Em suma, o segundo capítulo da obra indica que, a partir da dicotomia “regeneração” versus “recolonização”, tem-se então um acirrado conflito político e bélico que dará base à Independência do Brasil. Ademais, o processo de adesão, longe de ter sido fato consolidado desde o primeiro momento, se exibe como um “movimento pendular” diante de interesses e decisões políticas do Rio ou de Lisboa. Como assinala o autor, a adesão das províncias não teria sido, assim, um movimento homogêneo e automático, posto que muitas resistiam até mesmo às duas propostas vigentes, ou ainda não optavam por algum dos lados dessa disputa. Para o autor, o posicionamento diante dos dois projetos (Lisboa e Rio) muitas vezes evidenciou-se como uma demanda vinda de fora das províncias, revelando pressões externas, e não como uma opção advinda internamente.

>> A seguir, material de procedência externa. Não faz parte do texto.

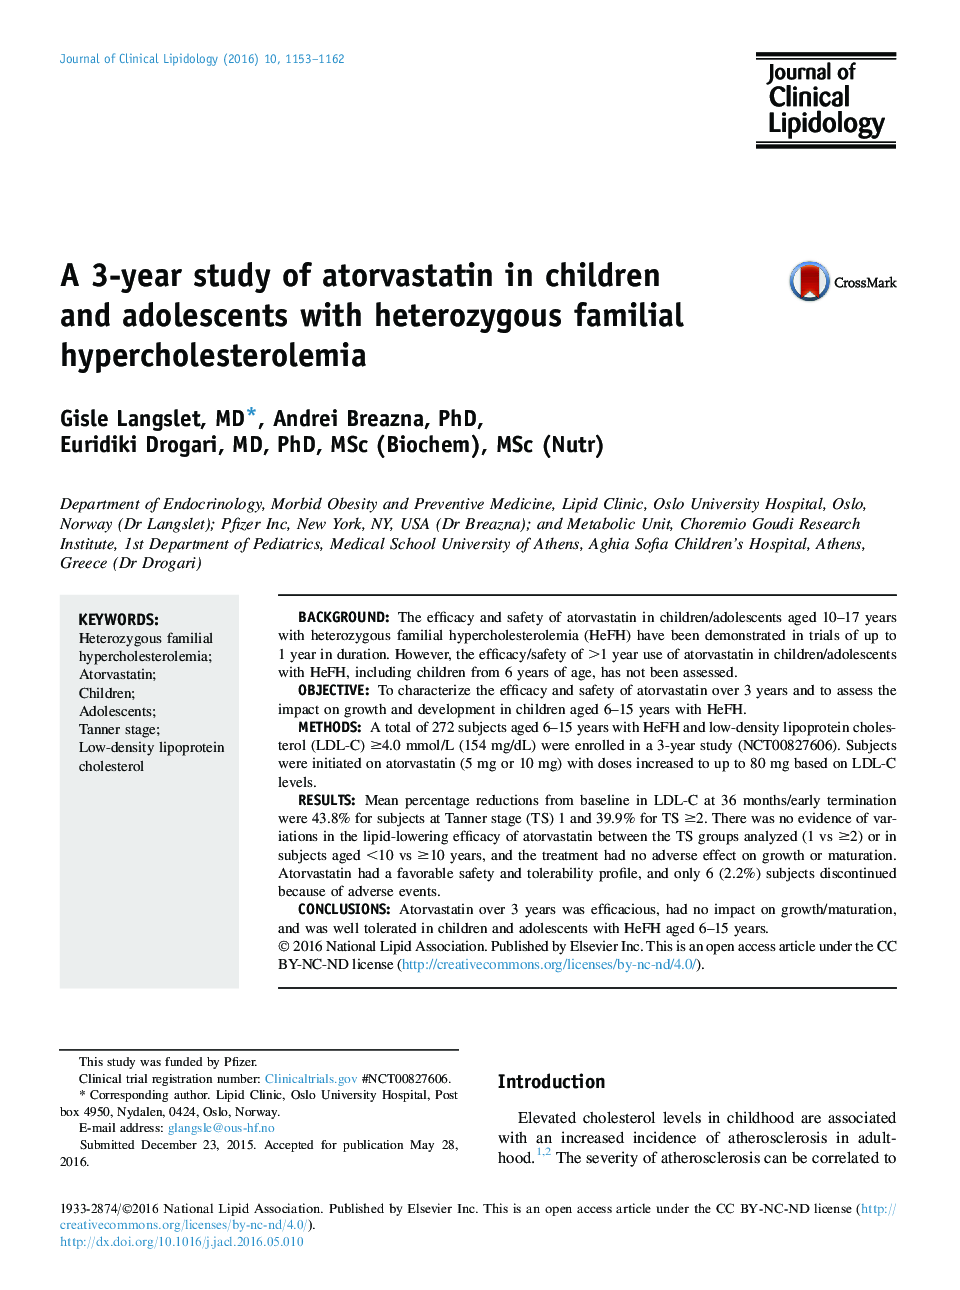 A 3-year study of atorvastatin in children and adolescents with heterozygous familial hypercholesterolemia

Durante o segundo capítulo, o autor elabora de forma minuciosa as possíveis causas desses conflitos e seu real significado em meio ao movimento de restauração em Portugal que seria, na verdade, a quebra da estrutura de governo que estava centralizada no Rio de Janeiro e a recolocação de Lisboa como o único centro de poder (Franchini Neto, 2019, p. 92). Objetivando enfatizar as dificuldades de um projeto aglutinador por parte de d. Pedro, o autor também discorre sobre o processo de negociação do príncipe com as elites regionais no contexto interno e, ao mesmo tempo, com a esfera internacional, quando destaca, por exemplo, a posição do Reino Unido, da Prússia e da Áustria diante da causa brasileira na disputa pela proeminência política empreendida por Lisboa e Rio. Para além disso, é levantado outro ponto de importante reflexão na tentativa de extrapolar o debate historiográfico que se baseia no contraponto entre as teses do “nacionalismo de adoção” e do “sacrifício por interesses políticos” por parte do d. Pedro. À primeira interpretação, Franchini Neto atribui a construção do ideário de uma Independência pacífica. Contudo, apoiando-se, entre outros documentos, em ofícios militares diplomáticos e correspondências, o autor mobiliza uma perspectiva historiográfica que atesta o posicionamento e as decisões do príncipe regente diretamente ligadas aos conflitos com as cortes (p. 108).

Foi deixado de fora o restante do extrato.